Definition: A Hashtable (for our purposes) is a list of integers
$\bar{b_0}, b_0, \ldots, \bar{b_i}, b_i, \ldots, \bar{b_n} $.

This means in memory it consists of $\bar{b_0}$ occupied buckets, followed by
$b_0$ empty buckets, followed by $\bar{b_1}$ occupied buckets, and so
on, alternating, ending with $\bar{b_n}$ occupied buckets.

Now imagine trying to arrange multiple hashtables in memory, possibly
overlapping, while trying to minimize the used space.

Definition: A Hashtable Packing for a list of hashtables
$B_0, \ldots, B_m$ is a list of integer offsets $o_0, \ldots, o_m$.

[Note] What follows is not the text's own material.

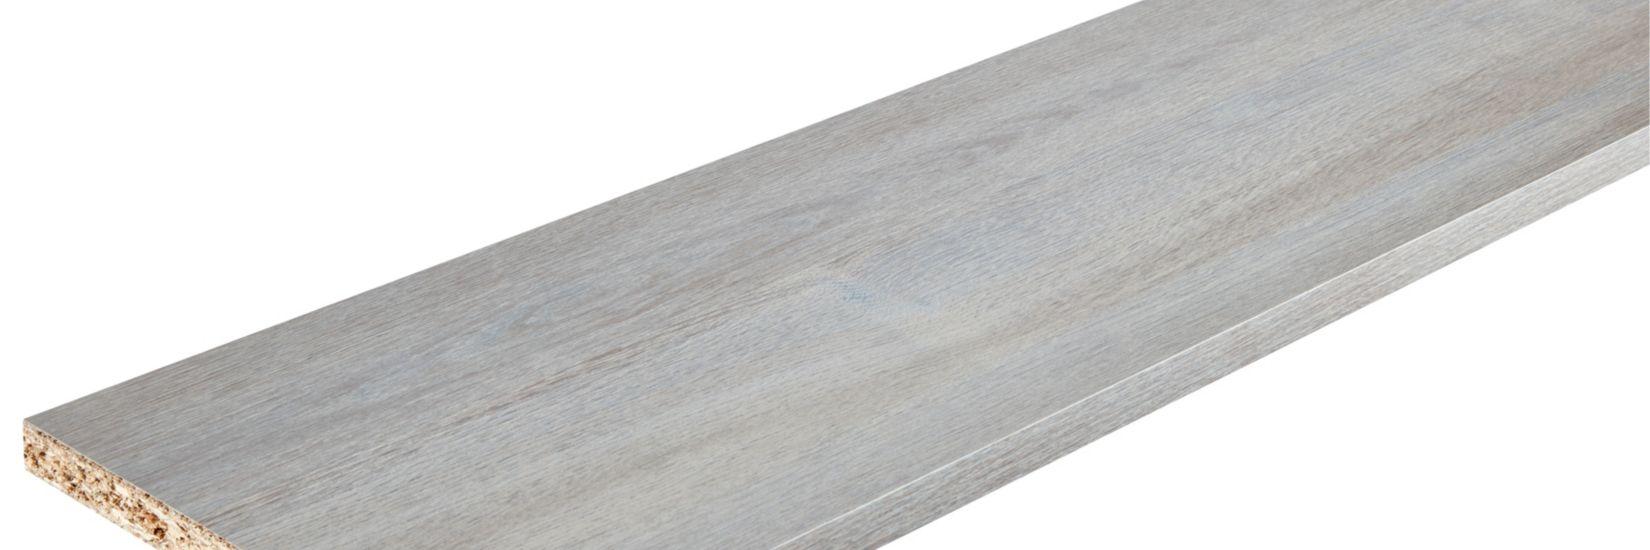 Grey Furniture Board Panels

A hashtable packing is valid if none of the occupied buckets overlap, when
building a combined hashtable by placing the hashtables at the given offsets
in memory. That would be a hash
collision for the combined table!

The first occupied bucket of the combined table is at $\min_{0 \le i \le m} o_i$.
The last occupied bucket of the combined table is at
$\max_{0 \le i \le m} o_i + \sum_{\hat{b} \in B_i} \hat{b} + \sum_{b \in B_i} b $.
The size of the hashtable packing is the number of buckets that need to be
reserved in memory, including empty buckets between occupied buckets:

$$ 1 + \max_{0 \le i \le m} o_i + \sum_{\hat{b} \in B_i} \hat{b} + \sum_{b \in B_i} b – \min_{0 \le i \le m} o_i $$

Suppose there is an efficient algorithm to solve the optimization problem,
i.e., to find a hashtable packing with minimal size, then there is also
an efficient algorithm to answer the following decision problem.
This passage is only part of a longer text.